··· GIVEN INFORMATION

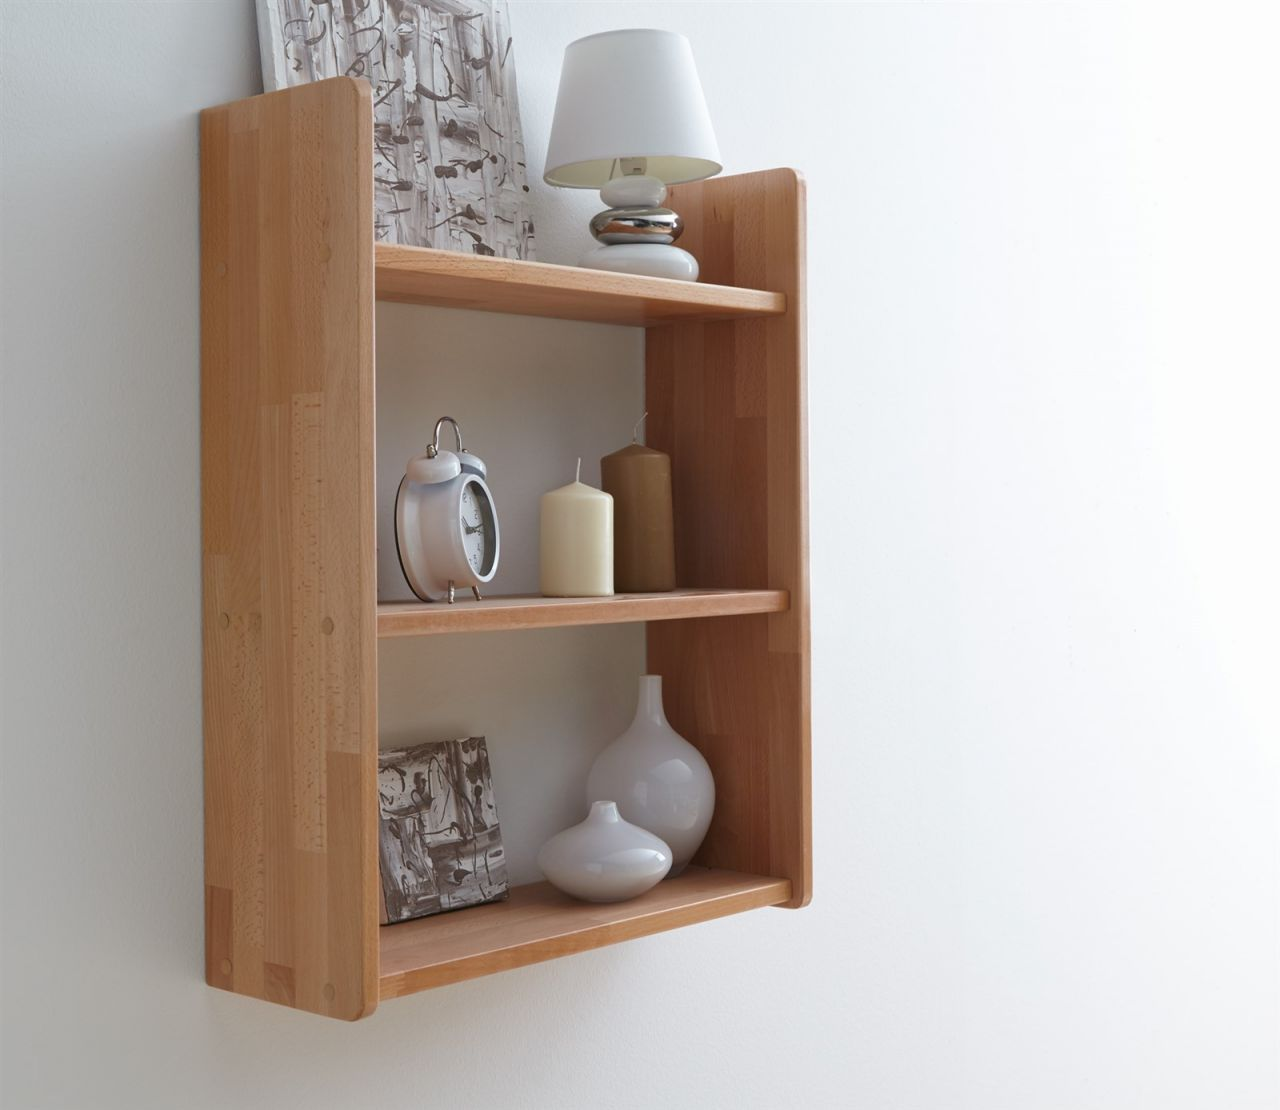 wandregal b cherregal awel nr 3 60x74 cm buche massiv ge lt kaufen bei sylwia lesniewska. Black Bedroom Furniture Sets. Home Design Ideas
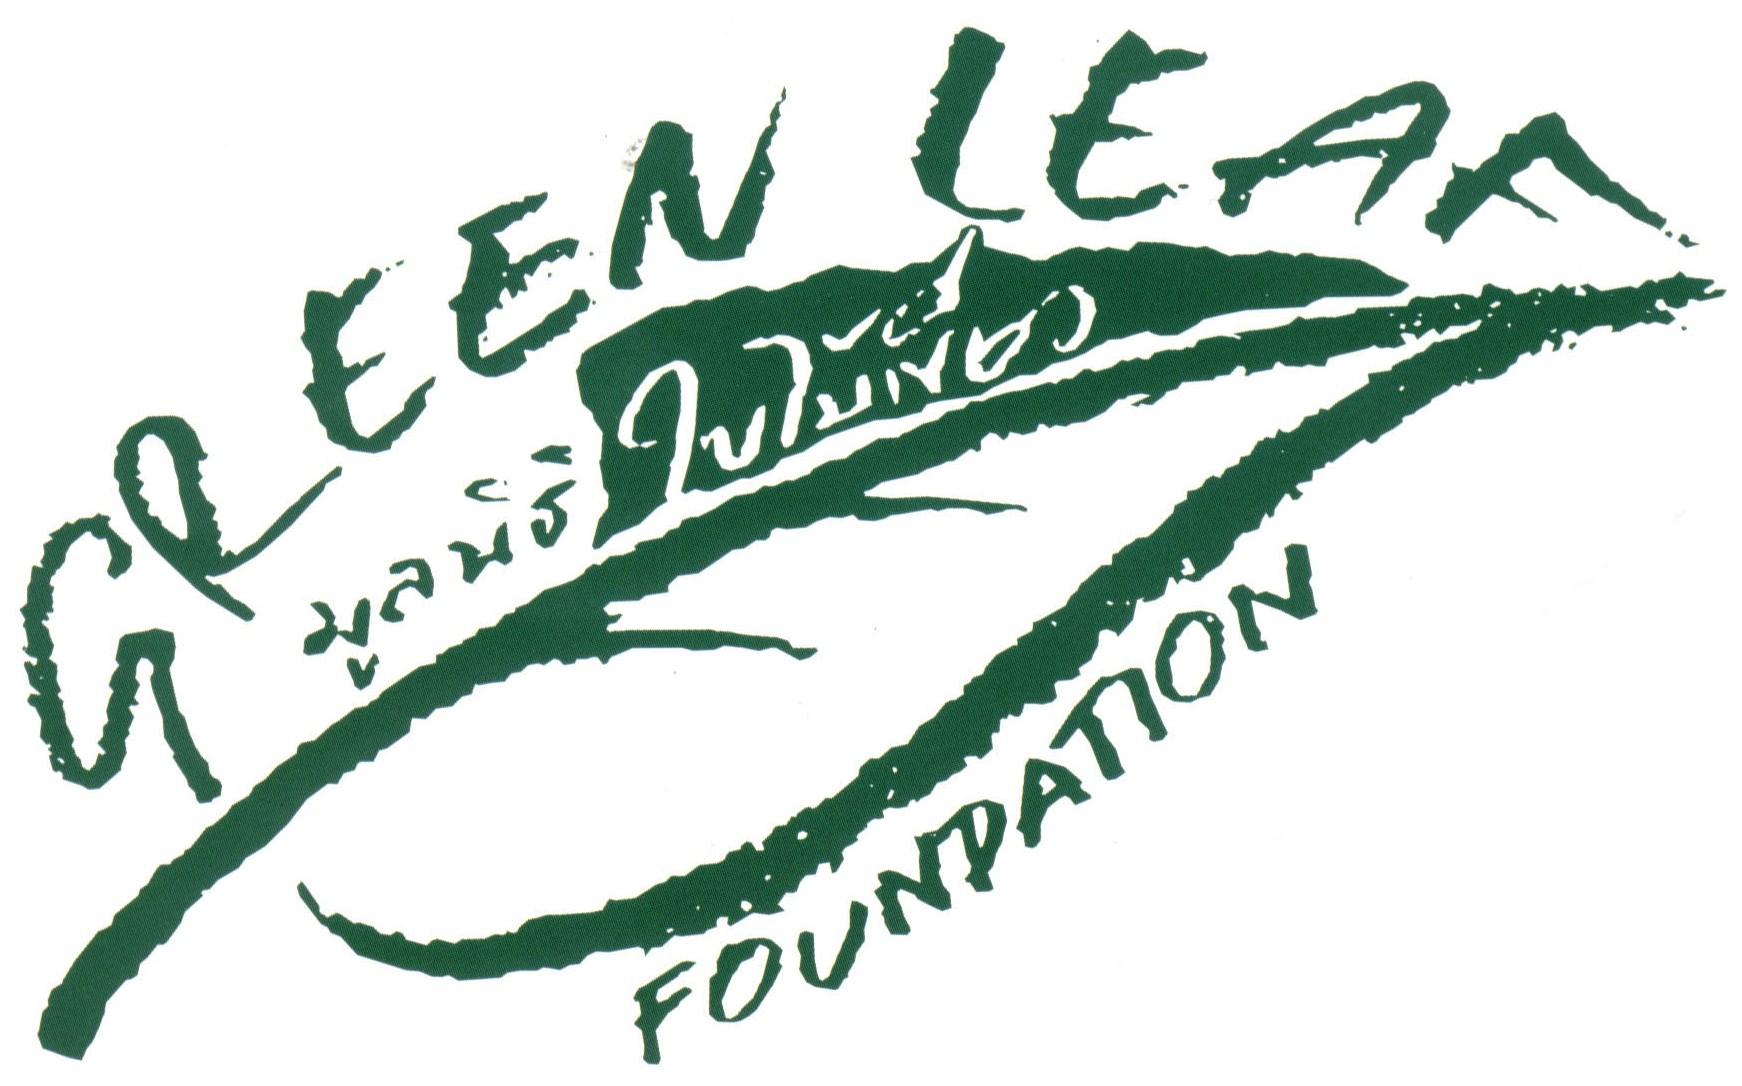 Green leaf foundation destinet 1betcityfo Choice Image
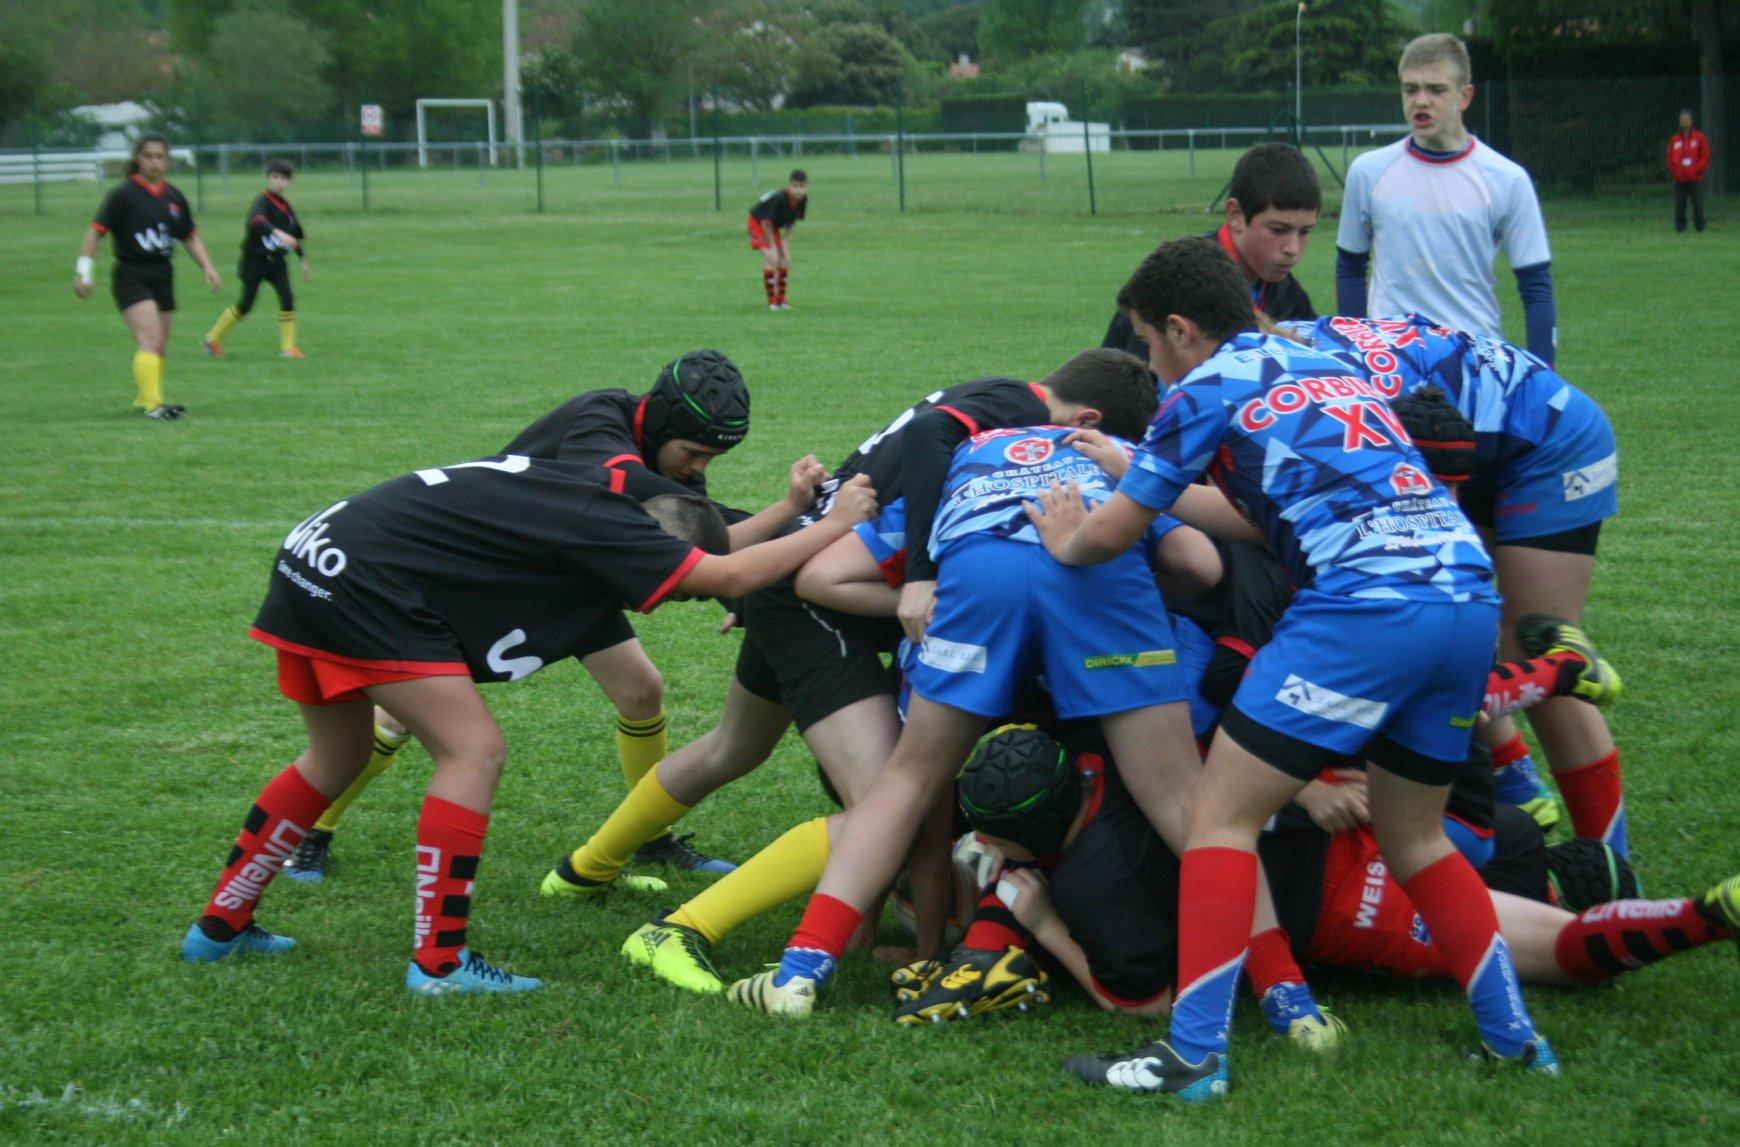 https://scg-rugby.com/wp-content/uploads/2018/05/31945328_1392406690904618_5483015671673520128_o.jpg
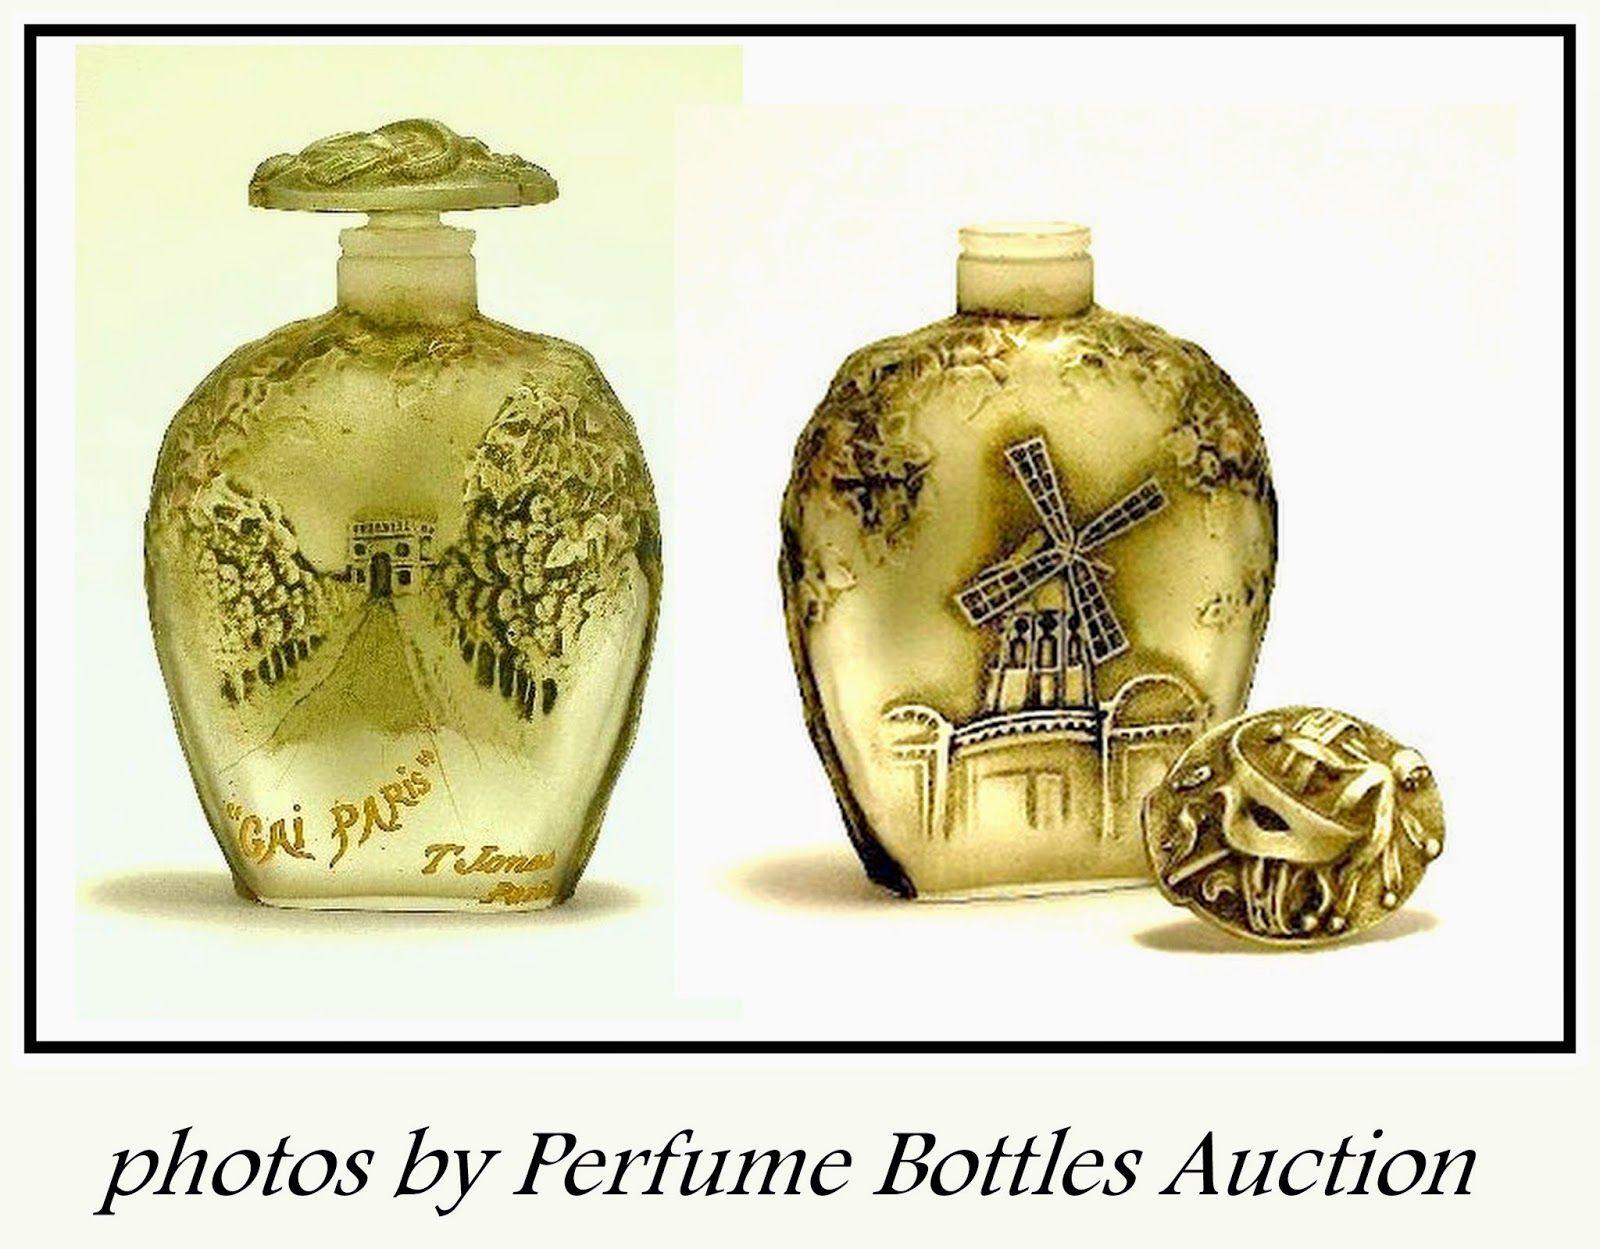 Perfume Name: Gai Paris  Perfume Company: T. Jones  Creation Date: 1912  Bottle Designer: Julien Viard  Bottle Manufacturer:unknown  Mea...

······

* _THE TASK_: Give back the whole listing exactly; no pictures.

* _SOLVED PROBLEM_:
 wandregal b cherregal awel nr 3 60x74 cm buche massiv ge lt kaufen bei sylwia lesniewska. Black Bedroom Furniture Sets. Home Design Ideas
 Green leaf foundation destinet 1betcityfo Choice Image
 https://scg-rugby.com/wp-content/uploads/2018/05/31945328_1392406690904618_5483015671673520128_o.jpg
 Perfume Name: Gai Paris  Perfume Company: T. Jones  Creation Date: 1912  Bottle Designer: Julien Viard  Bottle Manufacturer:unknown  Mea...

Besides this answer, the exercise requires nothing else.